1. As it reported in June this year, DTEK’s debt in loans amounted to 53.47 billion UAH (approximately 2 billion euros). The share of loans in foreign currency is 95% of the loan portfolio. In 2015 DTEK’s ratio of debt to earnings before interest, taxes, depreciation and amortization exceeded 5.00 – this indicates a high probability of problems with the repayment of the company’s debts. Increasing deterioration of this indicator since the beginning of the year has been caused by a number of factors, including national currency devaluation, which in January-June 2015 reached 33%.

2. The bulk of DTEK revenue comprises the wholesale sale of electricity to the state-owned enterprise Energorynok, complemented by a portion of direct electricity and heat distribution to end consumers and coal sales. In 2015 Ukraine’s National Energy and Utilities Regulatory Commission refused to increase Energorynok’s tariff for electricity derived from coal-fired power generation. Currently DTEK is undergoing an anti-monopoly investigation, initiated on 18 September 2015 by the country’s Anti-Monopoly Committee.

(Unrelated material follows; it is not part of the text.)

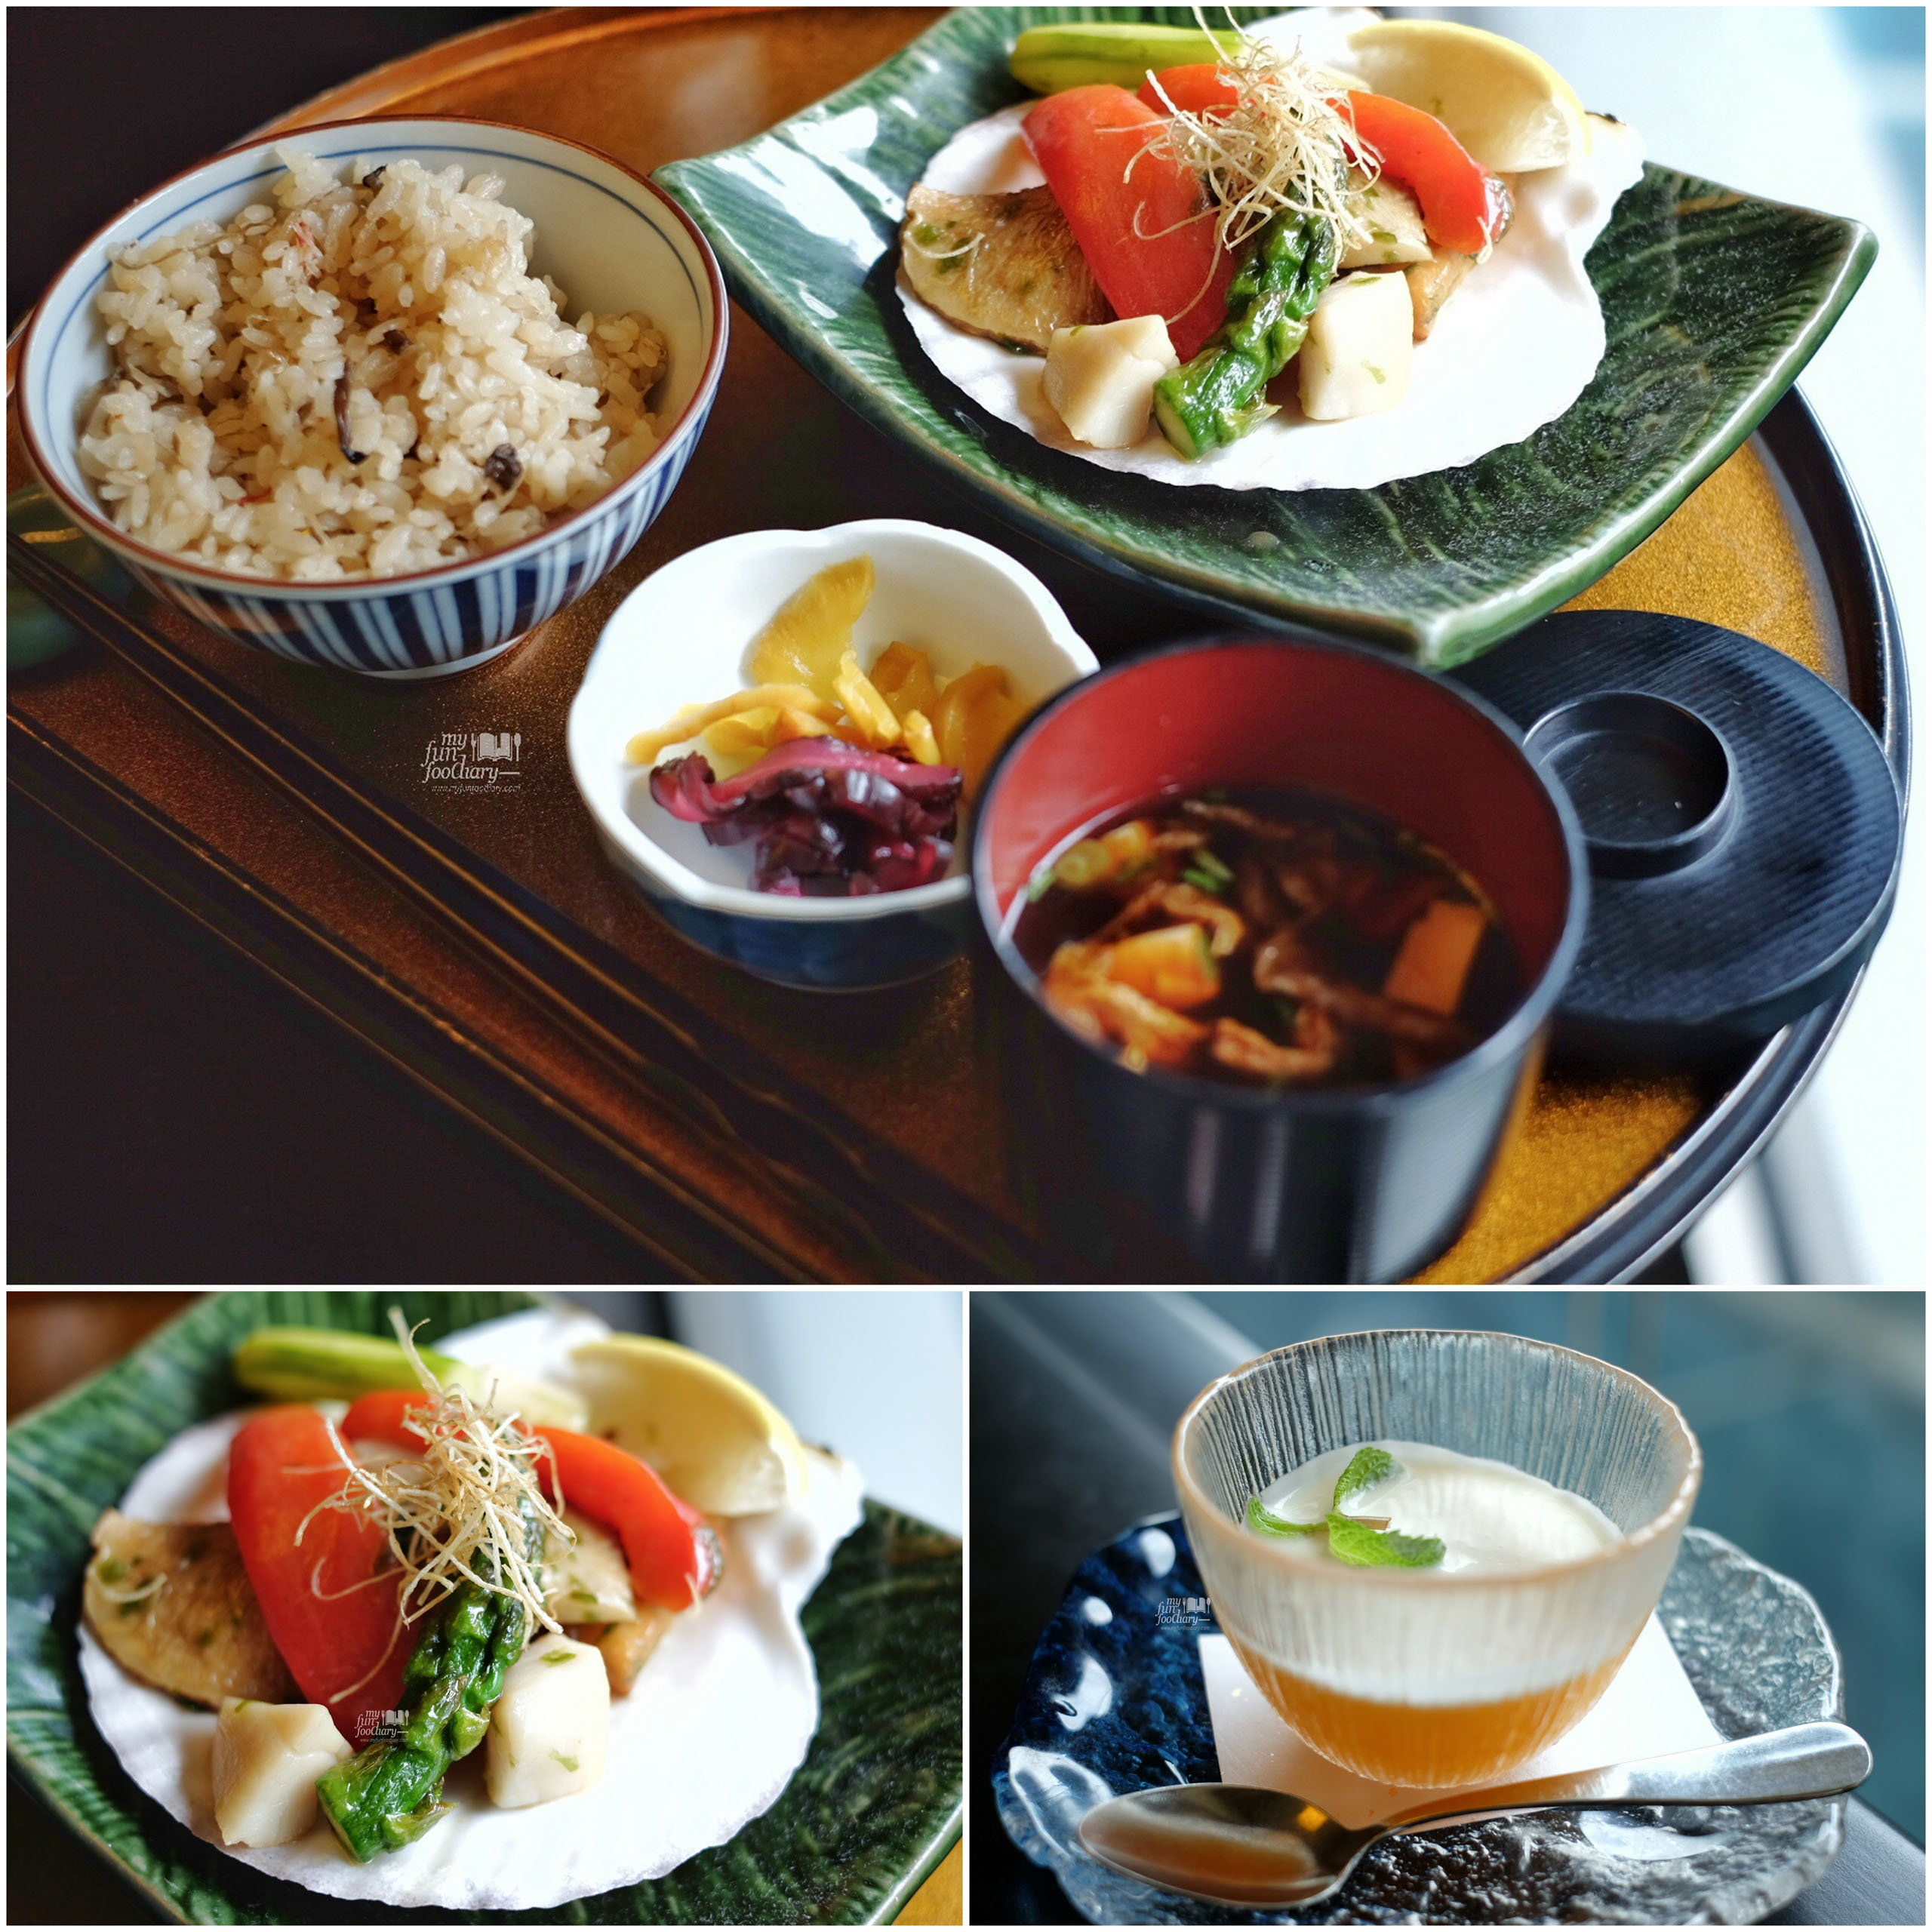 Kaiseki Lunch at Nadaman Restaurant Shangri-La Singapore by Myfunfoodiary

3. The prevailing macroeconomic conditions and political environment (with the announced de-oligarchisation of the economy by president Poroshenko) continue to be highly unfavorable for DTEK’s business, and are affecting the liquidity of the company, which is owned by Ukraine’s richest oligarch Rinat Akhmetov. Since July this year the company has not been able to repay its loan principal.

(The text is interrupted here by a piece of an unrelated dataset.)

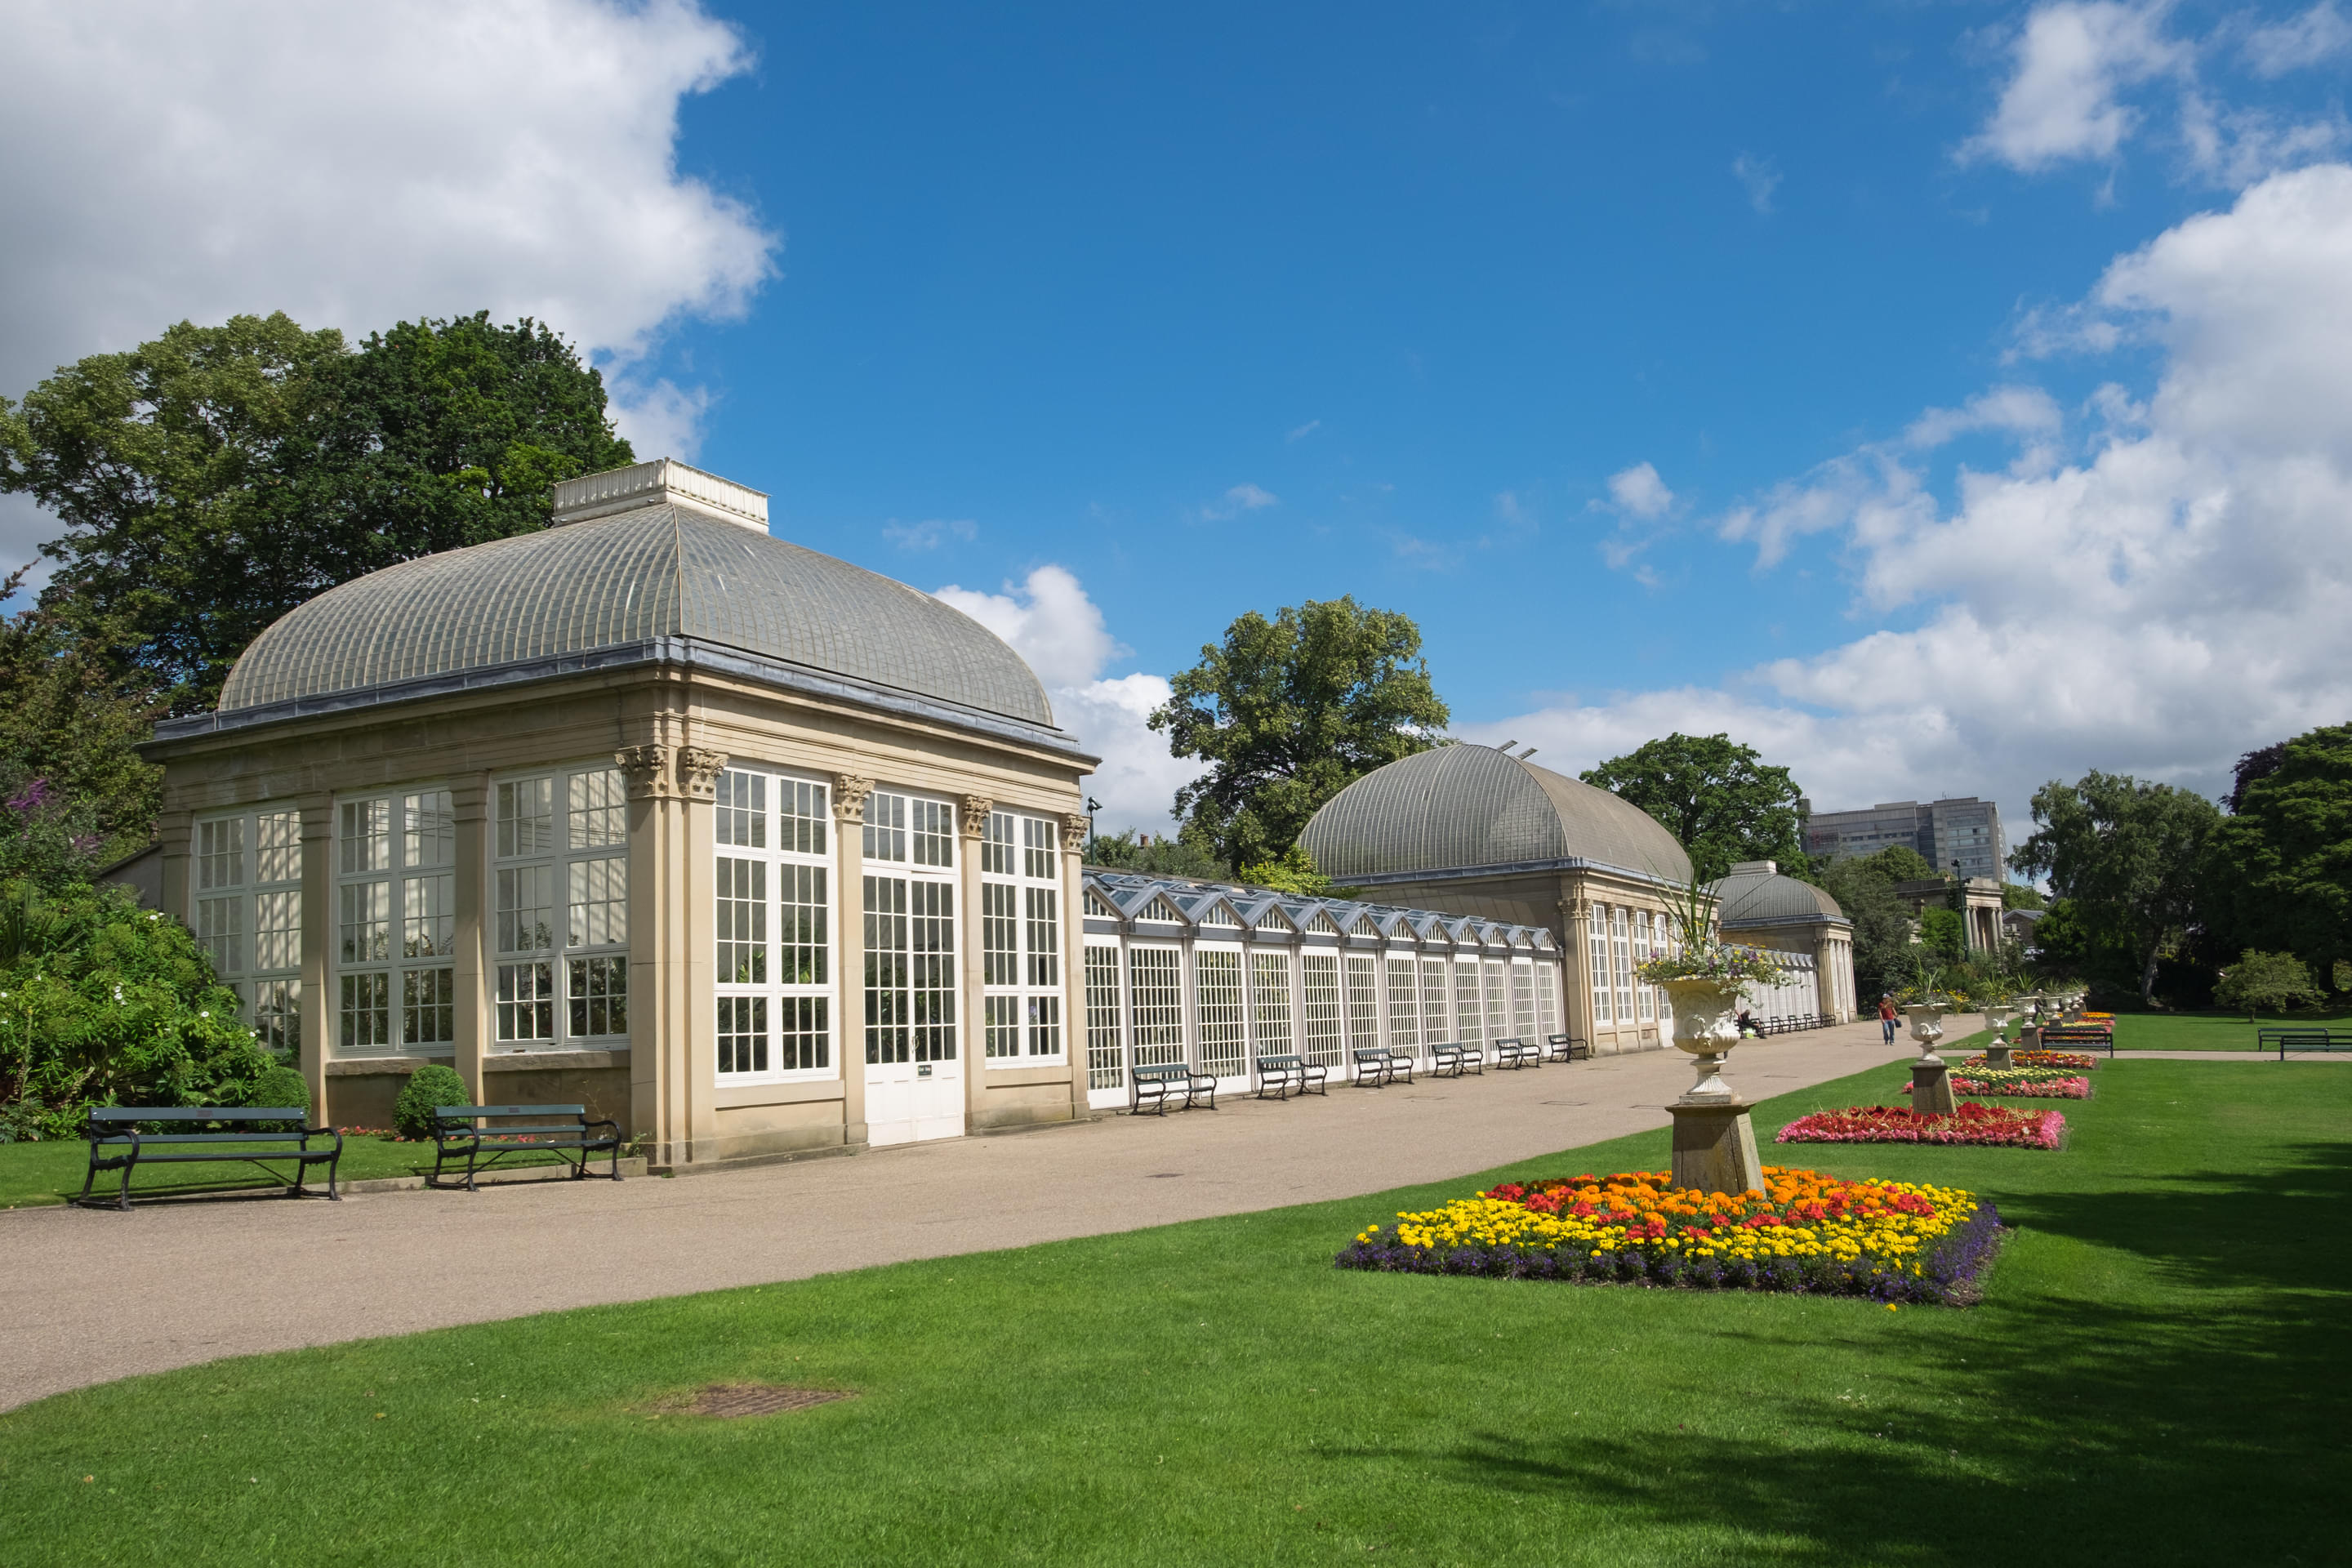 Sheffield Botanical Gardens Overview

4. The economic performance of DTEK’s thermal power plants is deteriorating further as a result of plunging domestic electricity demand (it decreased by 13.3% in November 2015), decreased electricity exports and increasing operational and maintenance costs (the average age of DTEK’s thermal power plants is 45 years).

5. Another development which looks like weighing heavily on DTEK’s operations is the Ministry of Infrastructure’s recently announced tariff increase for railroad freight in 2016. The tariff for the transportation of coal products is set to increase by 32% compared to 2015. As there are no transport alternatives for coal other than the national railway system, this big jump in freight tariff will impact the entire chain of domestic thermal generation.

6. Coal supplies from the temporarily occupied territories in eastern Ukraine remain unstable and are exploited by Russia as political leverage. Overseas shipments of coal from South Africa are considered to be not affordable by DTEK – according to CEO Maksym Tymchenko, the company is not ready to import coal which would involve taking on the risks of pre-payment and delivery.

Taken together, these factors clearly add to DTEK’s precarious position and add to the risks for investor returns. Along with the downward trend for coal finance globally and the latest evidence from Carbon Tracker about the long-term financial risks associated with carbon lock-in, this situation should be considered as a wake-up call for investors.